SENTINEL vol.ccxlix, no. 2 • February 2024

Beloved congregation, We know that with God, for everything there is a season and a time for every purpose under heaven. I am deeply grateful for my season of ministry with you as your Senior Minister. As I have recently reached the mandatory retirement age of 72, I will retire June 30th at the end of this appointment year. Our bishop and Cabinet have been aware of this and are already in discussion with our Staff-Parish Relations Committee about our dreams and vision for our next Senior Minister. I am confident that a beautiful season of new life and growth lies before us and that the mission and ministries of FUMC will continue to thrive. Over these next months, we will have many opportunities to reminisce, give thanks, and dream together. With thanks, Rev. Patricia Farris, Senior Minister

Stay after worship on Sunday, February 11, for a Question and Answer session with Rev. Patricia Farris about her retirement. Dick Crawford, Staff-Parish Relations Committee Chair, will be onhand to answer questions, as well as other members of SPRC. Childcare provided. Sunday, February 11, 11 a.m. in Simkins Hall

HORIZONS

By Rev. Patricia Farris

LENT 2024: Deeper Roots; Wide-spreading Branches May Spring come to us, be in us, and recreate new life in us! The season of Lent starts early this year. This forty-day season of preparing our hearts for the amazing good news of the Resurrection begins on Ash Wednesday, February 14. The word “Lent” comes from the Old English word “lencten,” which means “lengthen” and “Spring.” As the days grow longer, signs of Spring begin to emerge: longer and warmer days, birdsong, tender shoots of green and budding flowers. It’s as if all creation is preparing for new life, rejoicing all together in the promise of God’s ever-growing and everregenerating love. This imagery will be familiar to all you gardeners, and maybe to those of us whose grandparents and great-grandparents were farmers. Watch for special Lenten activities at church— visiting gardens, including “The Farm,” a project of Upward Bound House; view photographs by Emily Payne in the Fireside Room; take a small plumeria cutting from our beautiful tree to grow your own. Listen for music that sings these themes: “In the bulb, there is a flower, in the seed an apple tree, in cocoons, a hidden promise: butterflies will soon be free! In the cold and snow of winter, there’s a spring that waits to be, unrevealed until its season, something God alone can see.”

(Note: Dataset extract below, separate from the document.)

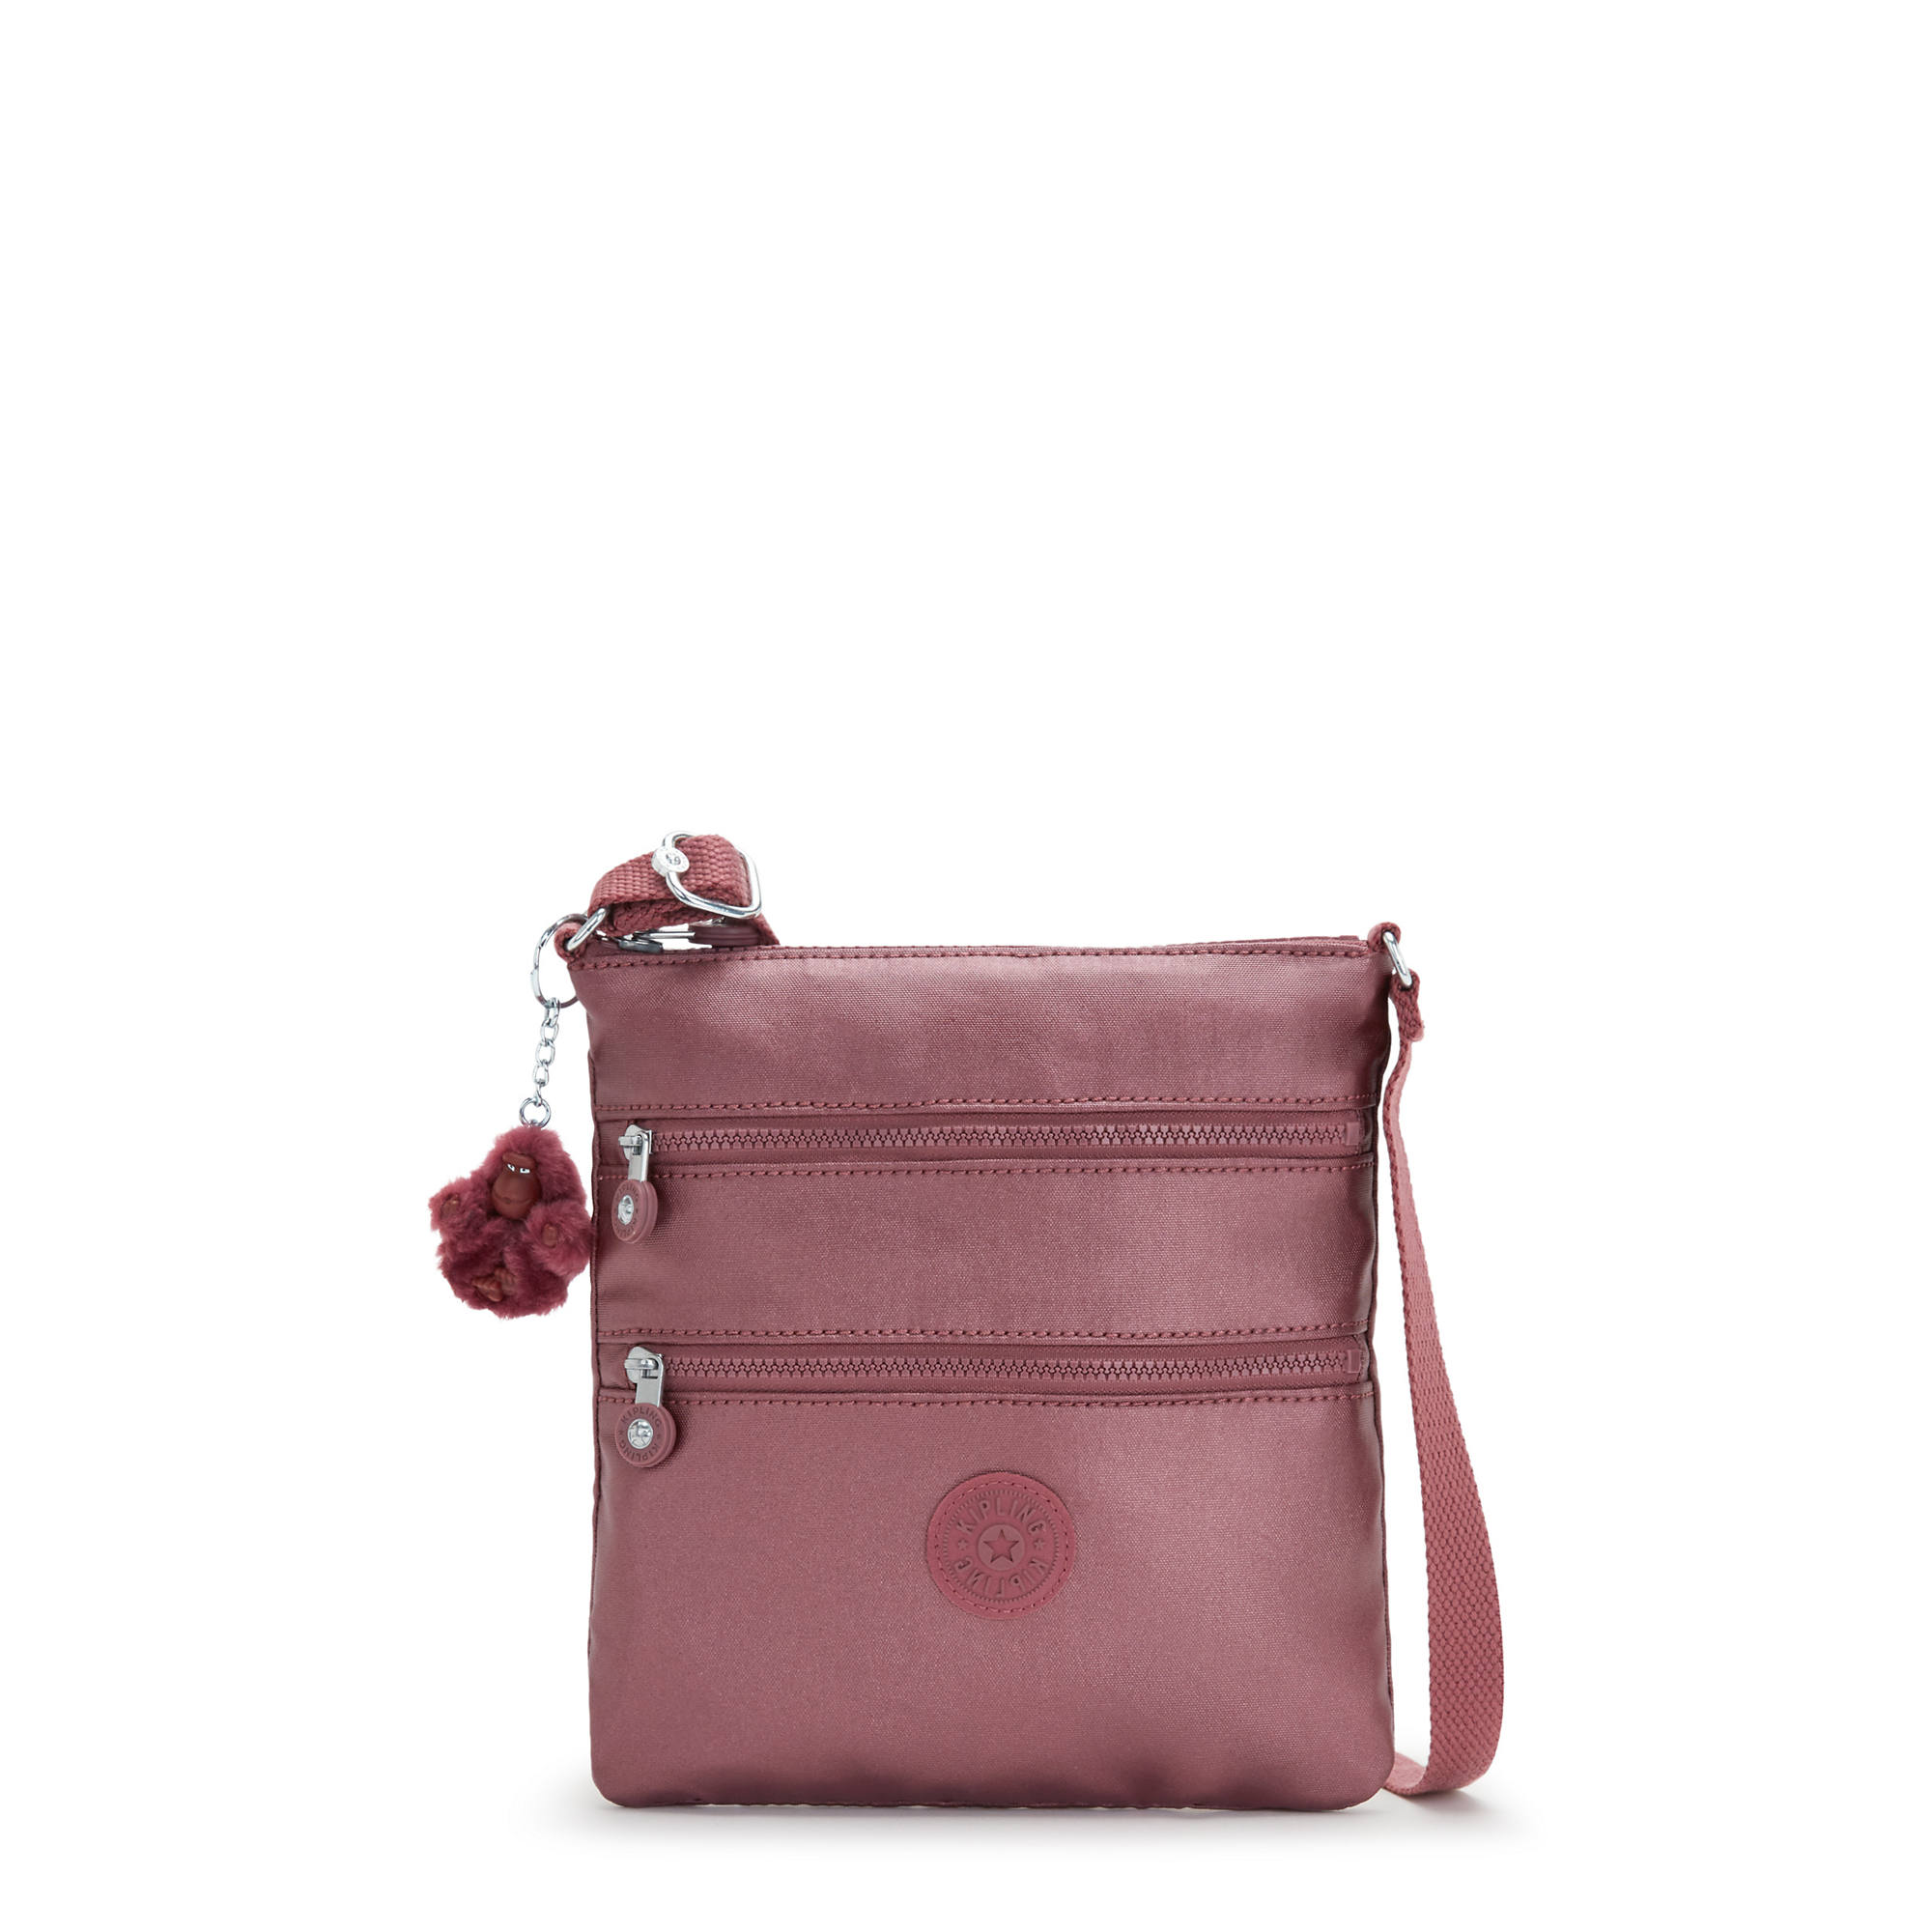 Kipling Flash Sale: Handbags and more Starting at $24.99
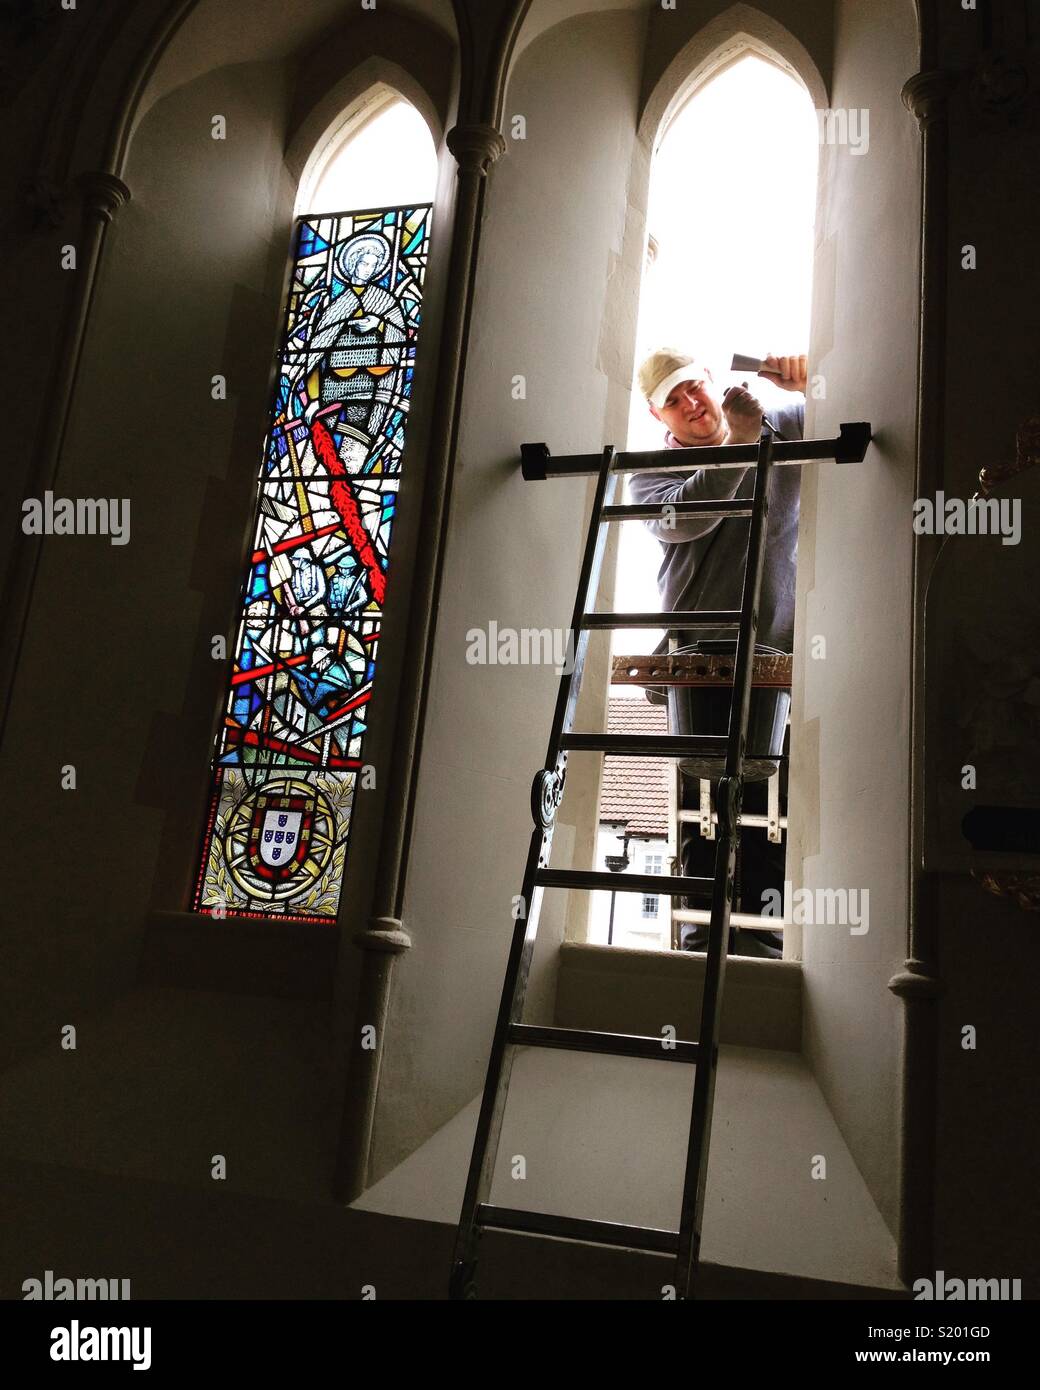 Il montaggio di nuovi vetrata pannello con una prima Guerra Mondiale / I Guerra Mondiale / ww1 tema, in una chiesa del Regno Unito. La finestra è stata progettata da vetraio & artista Caroline Benyon Foto Stock

As we journey together through Lent towards the great day of Easter this year, we will be drawing on Celtic prayers in our worship. They are ripe with images of God’s renewing love in all creation. Here’s one from Celtic Treasure by J. Philip Newell: For rest in the night and the day’s busyness, for the silence of the winter earth followed by spring’s energy and summer’s fruiting, thanks be to you, O God. In the patterns of the seasons, in the rhythm of our days, show us the stillness that renews life, the letting go that deepens our strength of soul. May your soul be a garden of growth and delight this Lent. Our God is making all things new!